C’est pourquoi le régime politique de la 4e République repose non pas tant sur un système de
multipartisme mais plutôt sur un système à parti ultra dominant. Un système multipartite est
en effet caractérisé par la compétition entre plus de deux partis, réduisant par conséquent les
chances d’un gouvernement formé par un seul parti et augmentant la probabilité de coalitions.
Le système de parti dominant ne doit pas être confondu avec celui de parti unique, même s’ils
ont parfois les mêmes caractéristiques. Un système de parti dominant peut a priori être
considéré comme compétitif si un nombre de partis prennent part à la compétition pour le
pouvoir à travers des élections régulières et sincères. Mais cette compétition reste dominée
par un seul grand parti qui, en conséquence, reste longtemps au pouvoir. Le parti dominant se
définit en fait par deux grands traits : d’une part il tend à s’identifier au régime politique
auquel il sert de soutien, et d’autre part il distance en nombre de sièges les autres partis de
gouvernement par un écart significatif et durable. Il tient généralement sa position
hégémonique de la multiplicité et du morcellement de ses adversaires. Ce parti devient ultra
dominant lorsqu’il conserve régulièrement, à lui seul, la majorité absolue des suffrages, alors
qu’un parti dominant franchit rarement ce seuil. De plus, le parti ultra dominant a tendance à
abuser de sa position hégémonique, manifeste de nettes tendances autoritaires et étouffe les
aspirations et programmes politiques des petites formations politiques.

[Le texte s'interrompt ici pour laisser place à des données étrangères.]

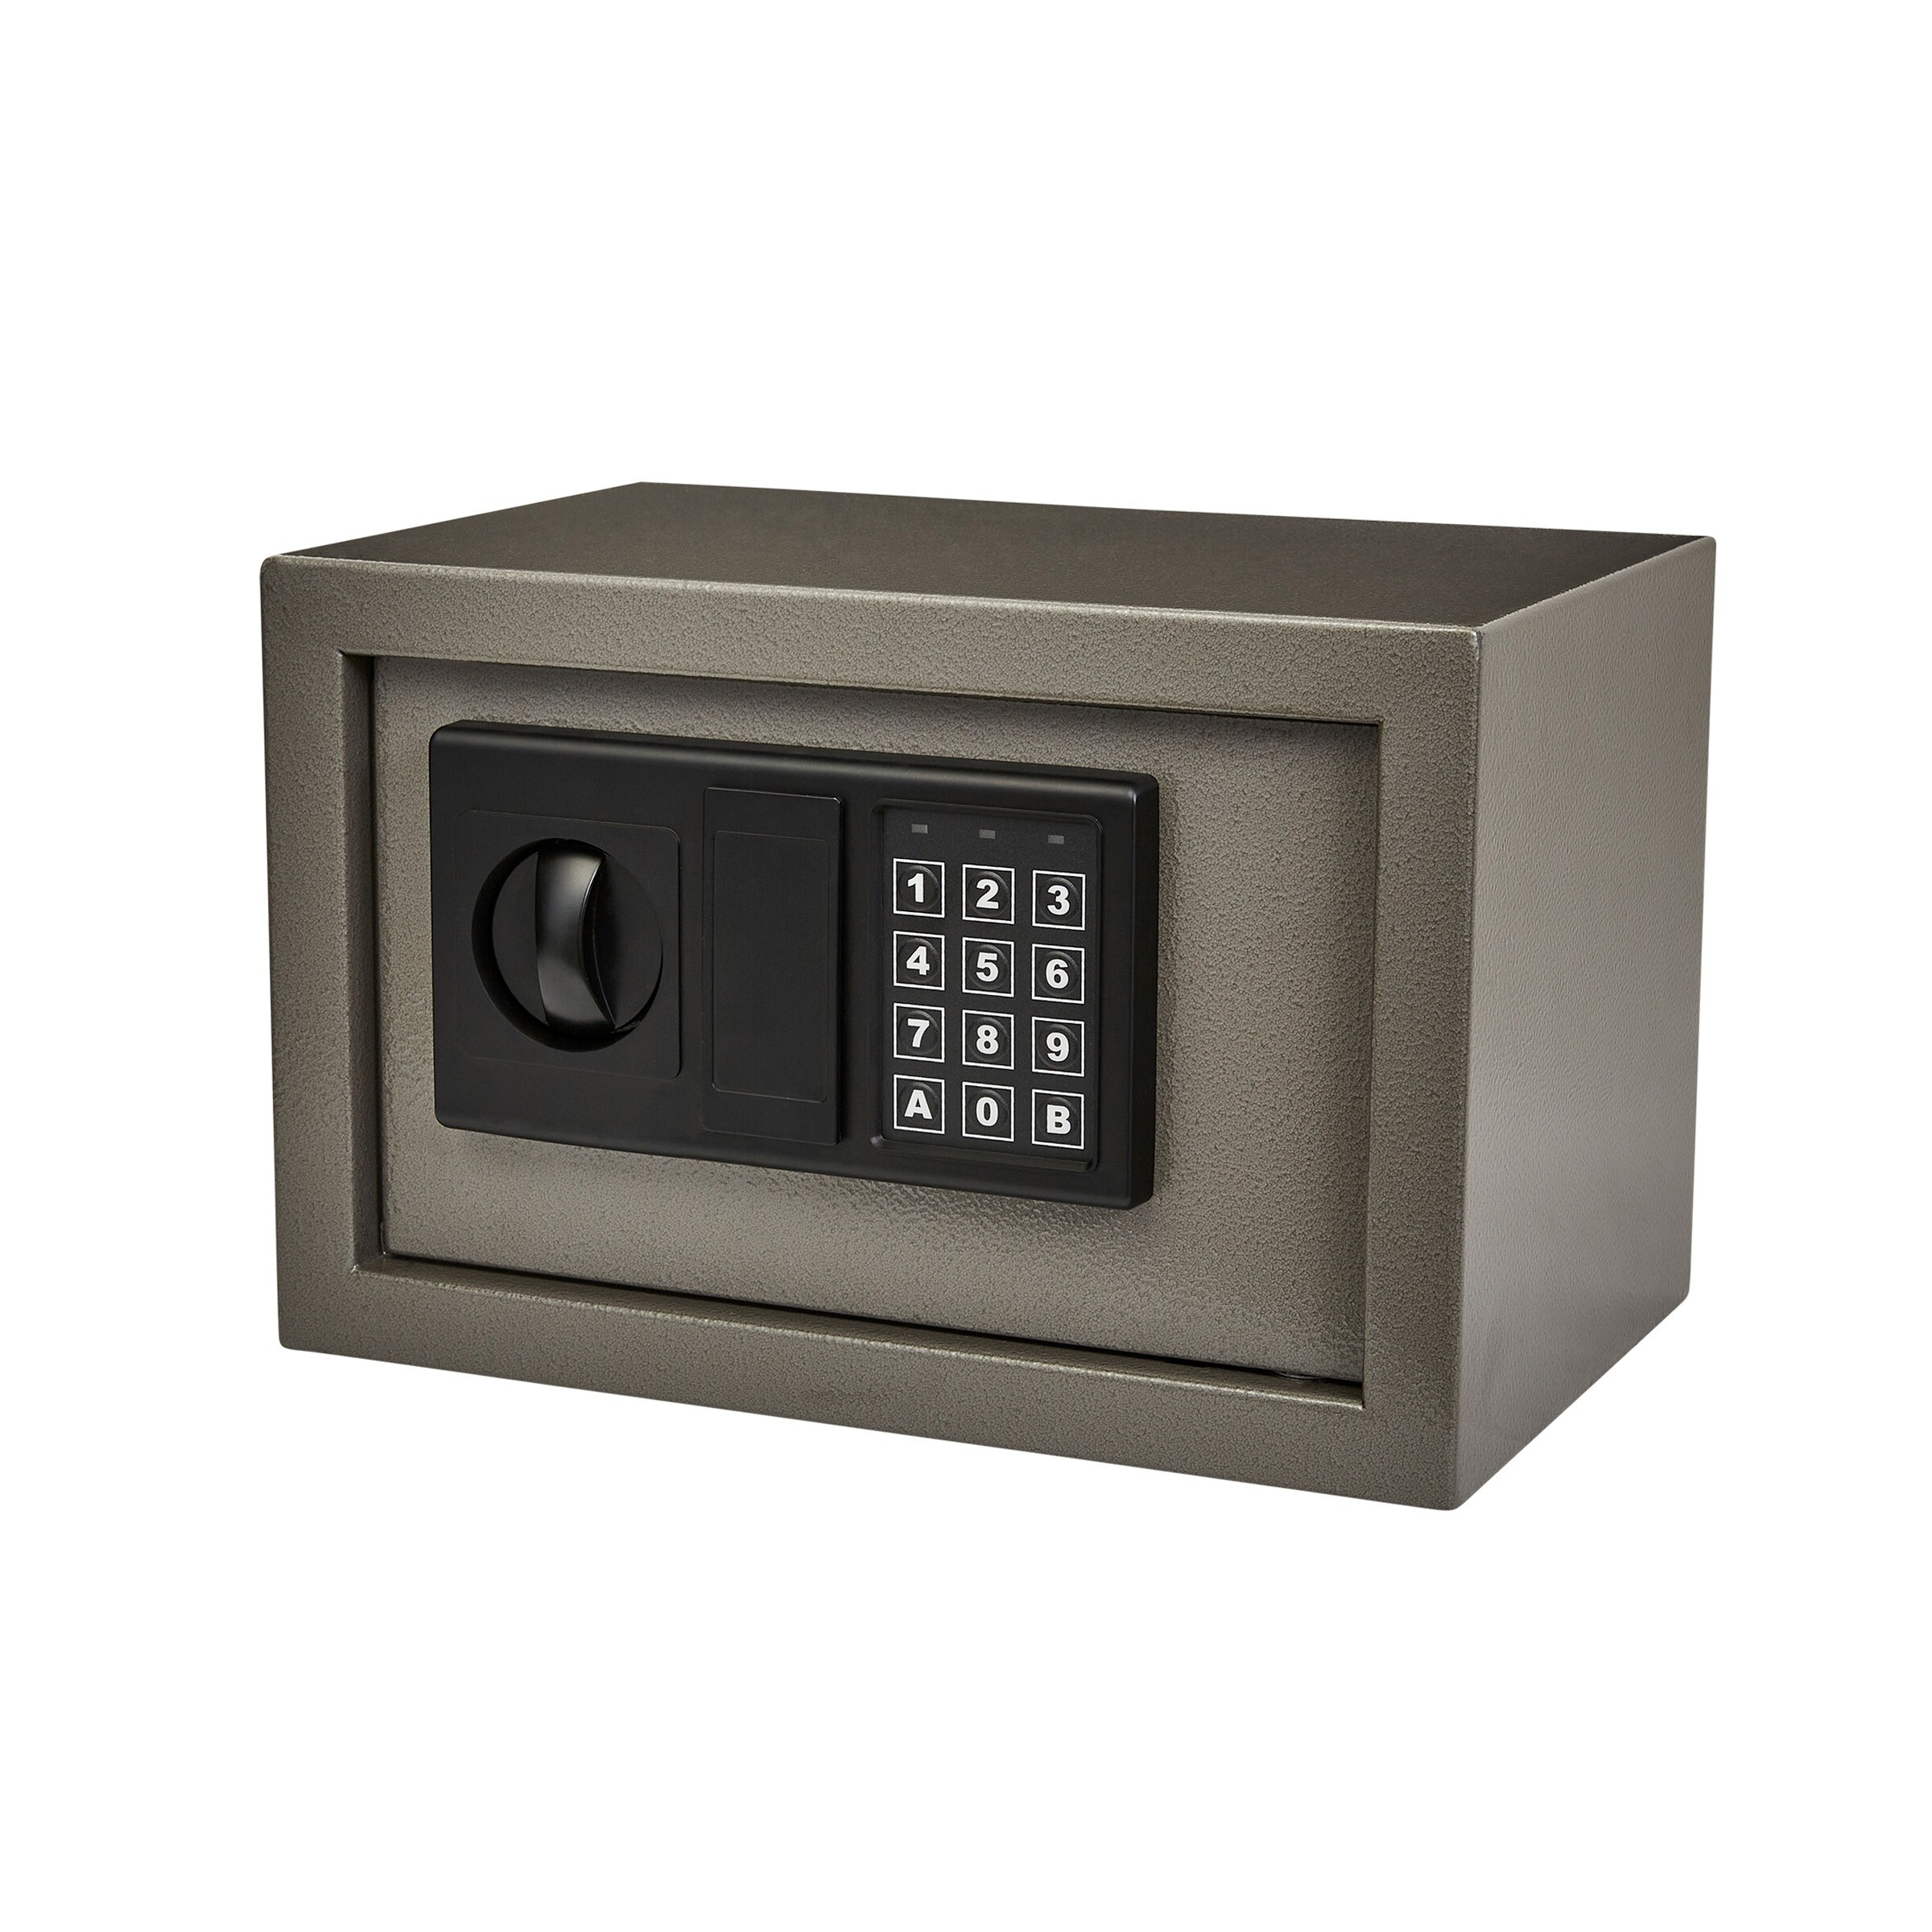 https://ak1.ostkcdn.com/images/products/is/images/direct/a33d183d27220263a7d280eb51e67a25c345f3fe/Digital-Safe-Box---Steel-Lock-Box-with-Keypad%2C-2-Manual-Override-Keys-by-Stalwart.jpg

Le système à parti dominant ou ultra dominant a l’avantage de permettre généralement
d’assurer une grande stabilité gouvernementale. Mais son inconvénient majeur c’est de
comporter un risque d’immobilisme. De plus, un tel système soulève quatre défis majeurs
pour la démocratie (IDEA, 2007 : 51) :
- il entrave la compétition politique, qui contribue à l’apathie politique et réduit le taux
de participation électorale
- le partis dominant exerce une mainmise sur la législature et peut monopoliser le
processus d’adoption des lois pour promouvoir ses intérêts sociaux, économiques
prédominants
- le gouvernement formé dans un tel système est moins imputable devant la législature
qu’il domine, et l’opposition est trop faible pour être efficace
- ce système encourage l’élite dirigeante à faire montre d’arrogance et à devenir peu
sensible aux exigences des citoyens
- enfin, le système à parti dominant comporte le risque de transfert de l’opposition
politique sur d’autres sites, notamment au niveau des groupes de pression ou des
organisations de la société civile. Avec la marginalisation d’une part plus ou moins
importante des forces politiques et des opinions, et faute d’alternative constitutionnelle
crédible, se développe une opposition hors système.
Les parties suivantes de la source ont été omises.